В любом случае идеология не просто одна из независимых переменных социально-политического процесса. Именно это имел в виду Шумпетер, когда заметил, что «ценностные суждения об эффективности капитализма, положительные или отрицательные, не представляют интереса. Дело в том, что человечество не свободно выбирать… Экономические и социальные процессы обладают собственными движущими силами, и последующие ситуации принуждают индивидов и социальные группы вести себя определенным образом, хотят они того или нет, – вынуждают, разумеется, не лишая их свободы выбора, а формируя мировосприятие, ответственное за этот выбор, и сужая перечень возможностей, из которых этот выбор осуществляется»[43]. Кто-то возразит, что Шумпетер заходит слишком далеко, что это неоправданный детерминизм, не оставляющий места для идеологии как независимой переменной[44]. Тем не менее в своей провокационной формулировке социологии знания в связи с вопросом о росте правительства и государственного вмешательства Шумпетер выявил ключевое звено проблемы и поставил задачу, на которую так или иначе необходимо ответить.

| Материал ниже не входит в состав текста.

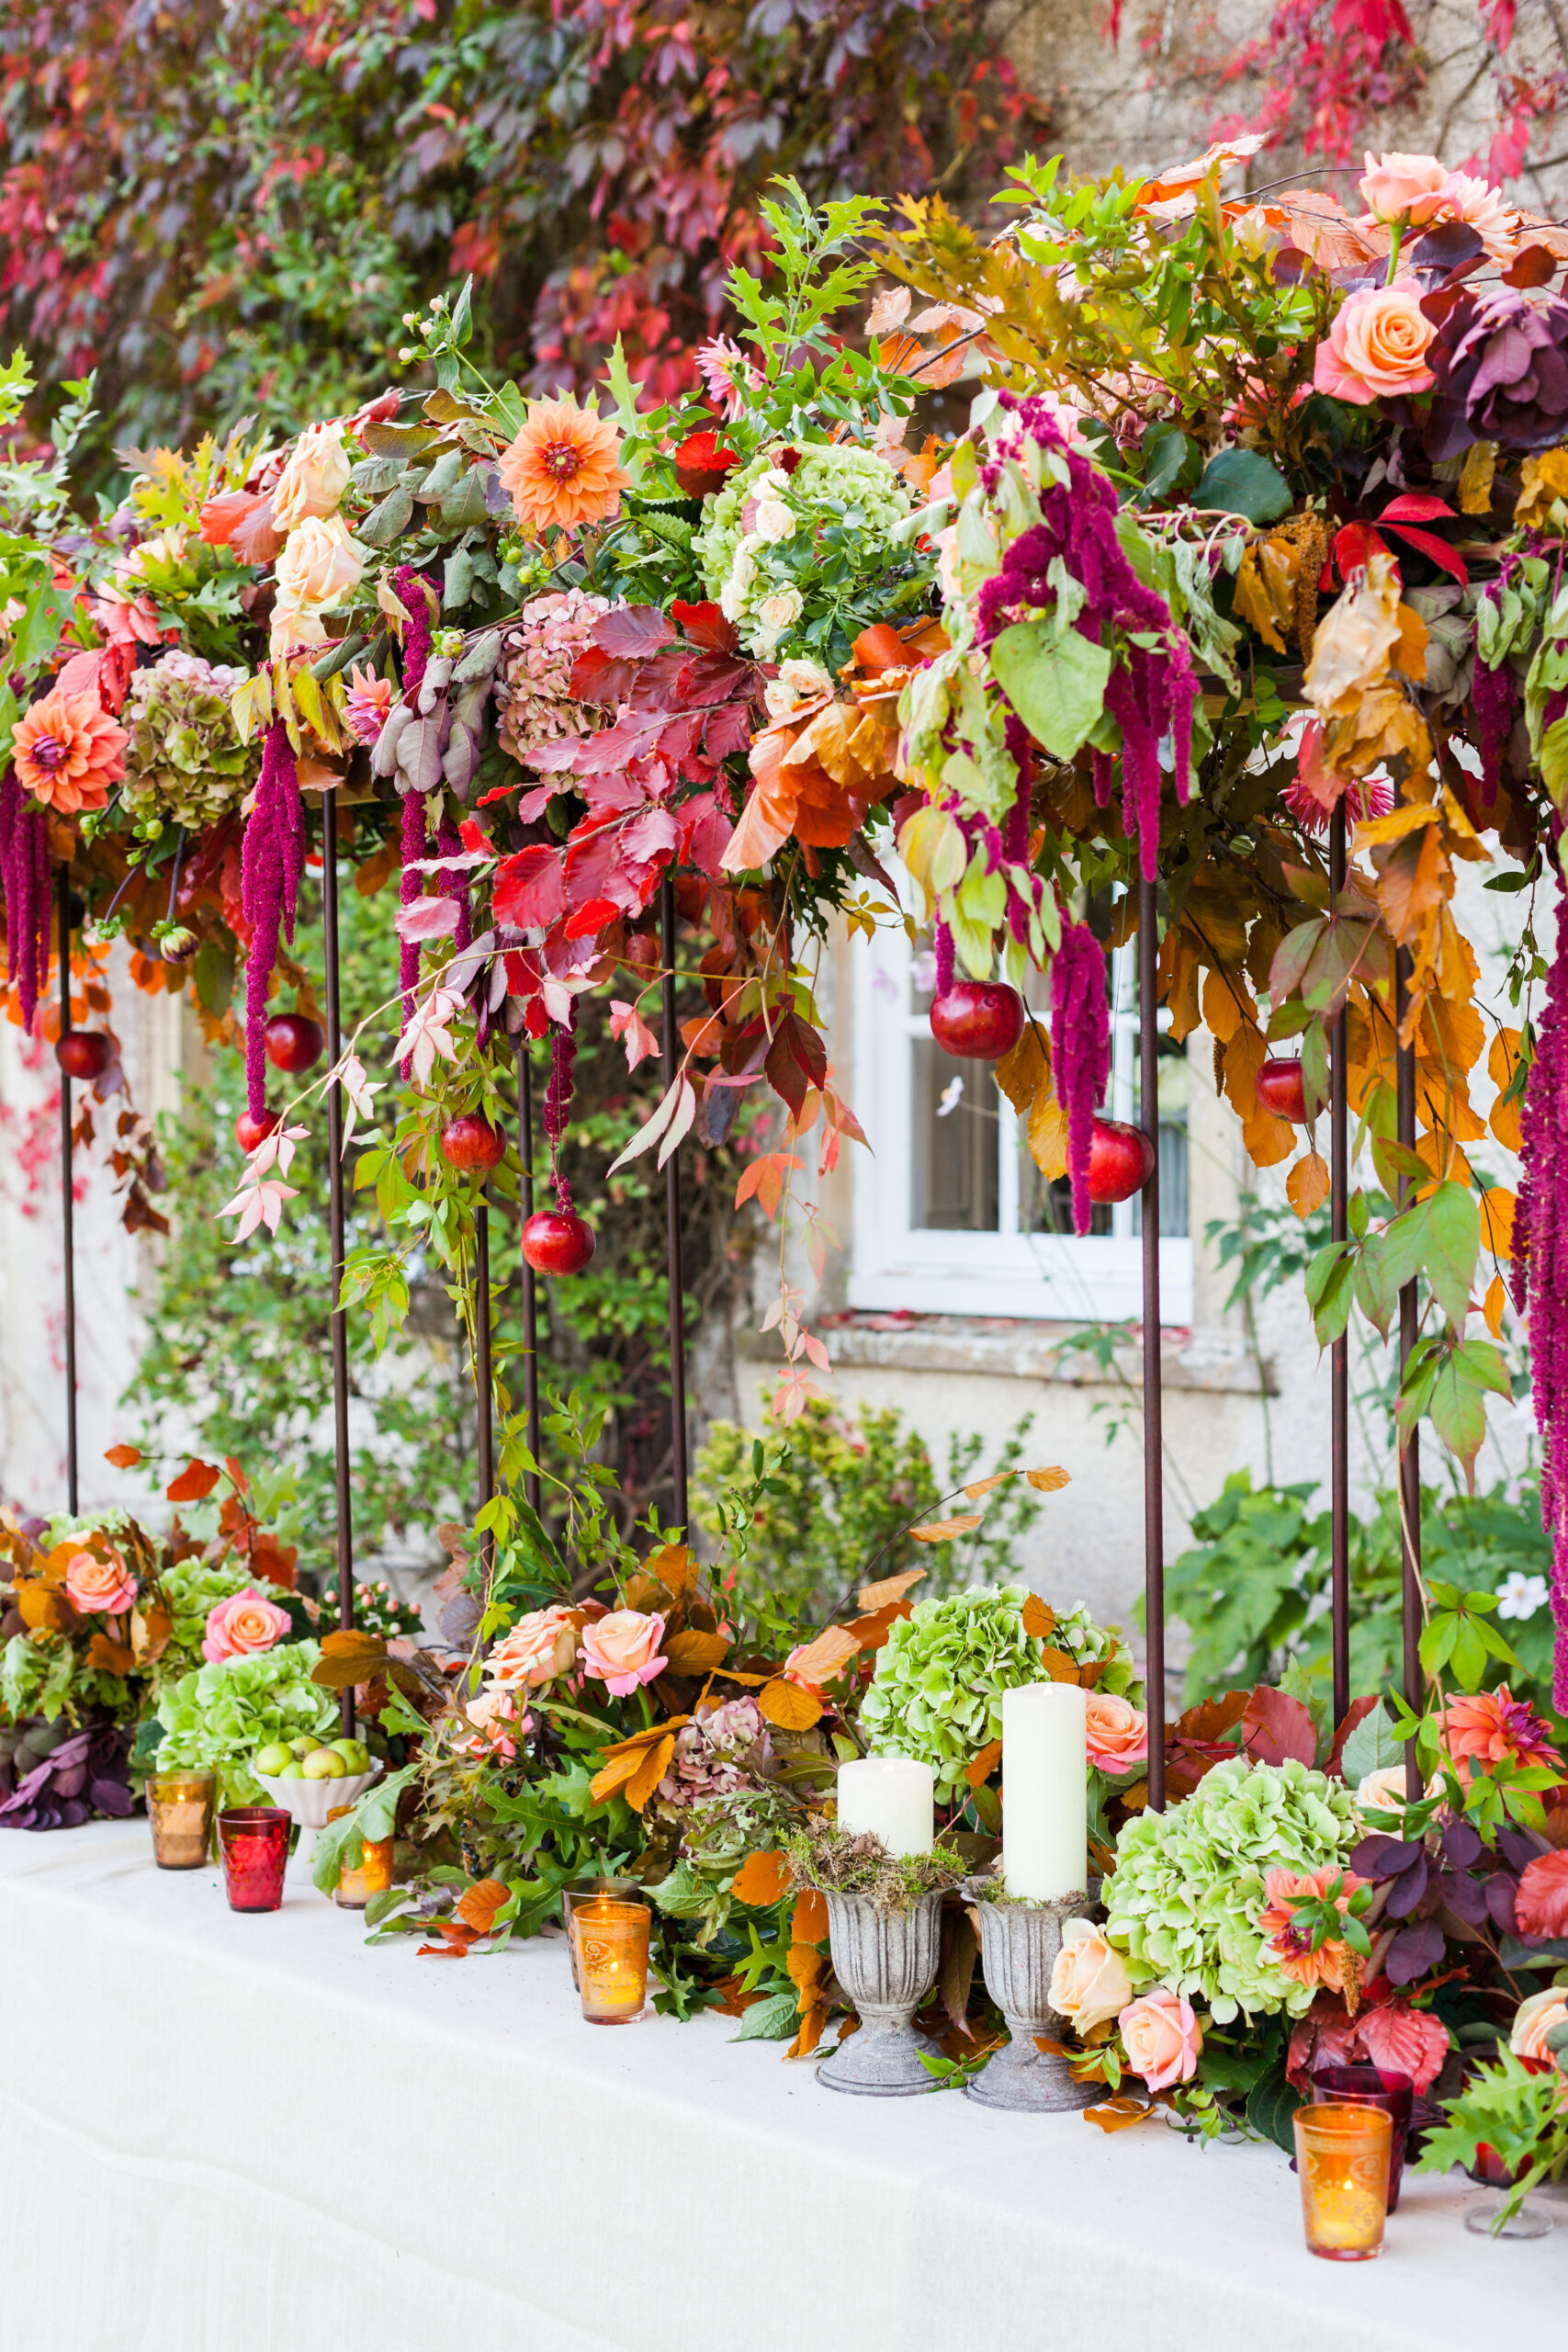 Gathered Style, Darker Pastels, Floral Canopy - Bloom Room Studio LTD - Autumnal Canopy - Photo Credit Katie Spicer

Осталось рассмотреть последнее объяснение роста правительства, представленное здесь гипотезой кризиса. По этой гипотезе в чрезвычайных условиях нужды нации могут потребовать расширения государственного регулирования либо полного вытеснения рыночной экономики. Сторонники этой гипотезы предполагают, что чрезвычайная ситуация заметно повышает и спрос на государственное регулирование, и его предложение. «Во время экономического кризиса, – отметил Калвин Гувер, – когда вероятно радикальное увеличение полномочий правительства… невозможно осмысленно выносить на голосование вопрос о том, желательно ли в принципе расширение полномочий государства. Куда вероятнее настойчивое требование принятия некого рода решительных мер и безразличие к долговременным последствиям этих мер»[45].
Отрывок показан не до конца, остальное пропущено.